# North Dakota Spring Snow Goose Harvest



## nodakoutdoors.com (Feb 27, 2002)

From the NDGF:

More than 11,000 Light Geese Harvested During Spring Season

Hunters harvested a significant number of snow geese during North
Dakota's 2005 spring light goose season, according to Mike Johnson,
migratory game bird management supervisor for the state Game and Fish
Department.

A post-season survey indicated an estimated 2,500 (1,600 residents and
900 nonresidents) hunters actively participated during the statewide
spring season, held Feb. 21 - May 8. Hunters spent an average of 2.95
days each in the field and harvested an estimated 11,170 light geese.

The number of hunters in 2005 was up 6 percent from last year.
Nonresidents from 21 states participated in the spring season, and 65
percent were from Minnesota.

At least 36 counties had hunter activity, with 40 percent of hunter-days
reported in Ramsey, Dickey, Stutsman, Sargent and Richland counties. The average seasonal bag was 4.4 light geese per hunter, with the highest
seasonal bag reported at 450 birds.

Basic regulations for the spring season were the same as a regular
waterfowl hunting season except hunting was allowed until one-half hour
after sunset; electronic calls could be used; shotguns capable of
holding more than three shells were permitted; there was no bag or
possession limit; and a federal duck stamp was not required.

About 54 percent of hunters used unplugged shotguns, and 28 percent
reported using electronic calls. More than 69 percent of hunters agreed
that unplugged shotguns, jump shooting and pass shooting were effective
techniques for harvest light geese in the spring.

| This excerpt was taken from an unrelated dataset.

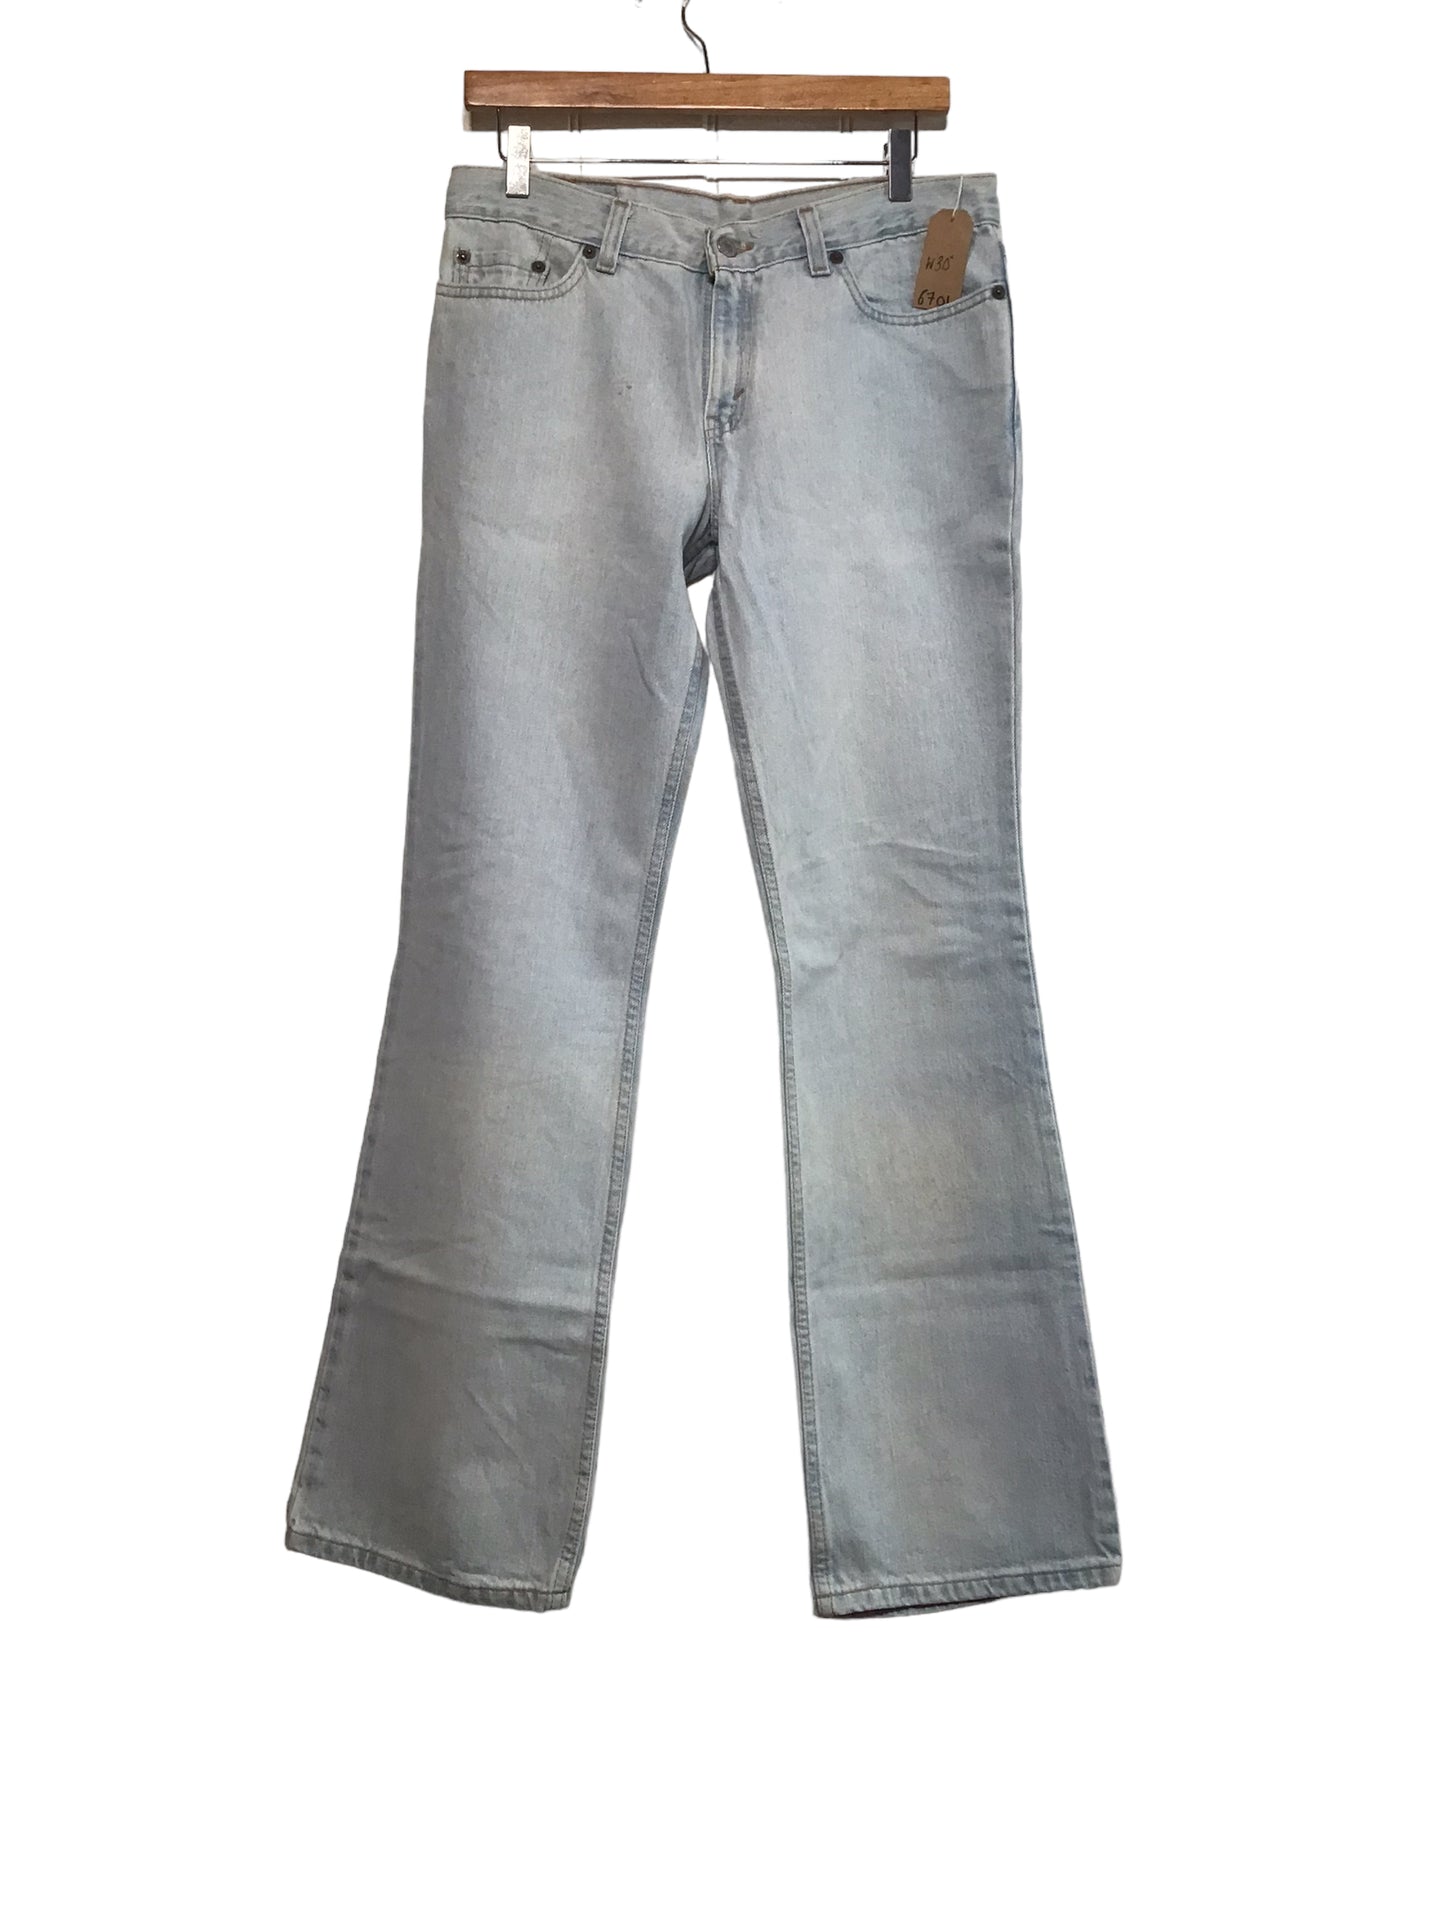 Levi 518 Jeans (30x32)

The spring conservation order was established as part of the United
States and Canada's effort to reduce the Mid-Continent Light Goose
population. At this time, an eighth Conservation Order allowing a spring
light goose season is anticipated for 2006.


----------



## gandergrinder (Mar 10, 2002)

> with the highest seasonal bag reported at 450 birds.


..........and that hunter was mallard.


----------



## GooseBuster3 (Mar 1, 2002)

It has got to be..


----------



## Bandcollector02 (Oct 4, 2005)

For you guys that have hunted in the spring, do the birds seem less weary. I've hunted those damn things a number of times over the past few years in the fall and my group has gotton maybe a total of 10. They are the weariest bird I've ever hunted.


----------



## scissorbill (Sep 14, 2003)

You are correct they are wary, and one of the reasons is this assinine spring season. Probably the most ridiculous wildlife mgmt decision ever made. There are whole industrys now set up just for the spring season mark my words it will never go away. E callers,unplugged guns, no limits, cow decoys, belly crawlers ,water swatters it all makes me want to puke. Real sportsman wont take part is this nonsense. uke:


----------



## Leo Porcello (Jul 10, 2003)

scissorbill said:


> You are correct they are wary, and one of the reasons is this assinine spring season. Probably the most ridiculous wildlife mgmt decision ever made. There are whole industrys now set up just for the spring season mark my words it will never go away. E callers,unplugged guns, no limits, cow decoys, belly crawlers ,water swatters it all makes me want to puke. Real sportsman wont take part is this nonsense. uke:


Yeeeeeeeeehhhhhaaaaaaaaaaaaawwwwwwww its going to get good!!!


----------



## charles (Mar 20, 2004)

PorkChop said:


> scissorbill said:
> 
> 
> > You are correct they are wary, and one of the reasons is this assinine spring season. Probably the most ridiculous wildlife mgmt decision ever made. There are whole industrys now set up just for the spring season mark my words it will never go away. E callers,unplugged guns, no limits, cow decoys, belly crawlers ,water swatters it all makes me want to puke. Real sportsman wont take part is this nonsense. uke:
> ...


SB if that isn't called baitin I don't what is.......you gotta be just sittin there waitin for replies from your comments.............


----------



## mallard (Mar 27, 2002)

gandergrinder said:


> > with the highest seasonal bag reported at 450 birds.
> 
> 
> ..........and that hunter was mallard.


Maybe 8) .I was never surveyed last spring.


----------



## gandergrinder (Mar 10, 2002)

scissorbill wrote


> You are correct they are wary, and one of the reasons is this assinine spring season. Probably the most ridiculous wildlife mgmt decision ever made. There are whole industrys now set up just for the spring season mark my words it will never go away. E callers,unplugged guns, no limits, cow decoys, belly crawlers ,water swatters it all makes me want to puke. Real sportsman wont take part is this nonsense.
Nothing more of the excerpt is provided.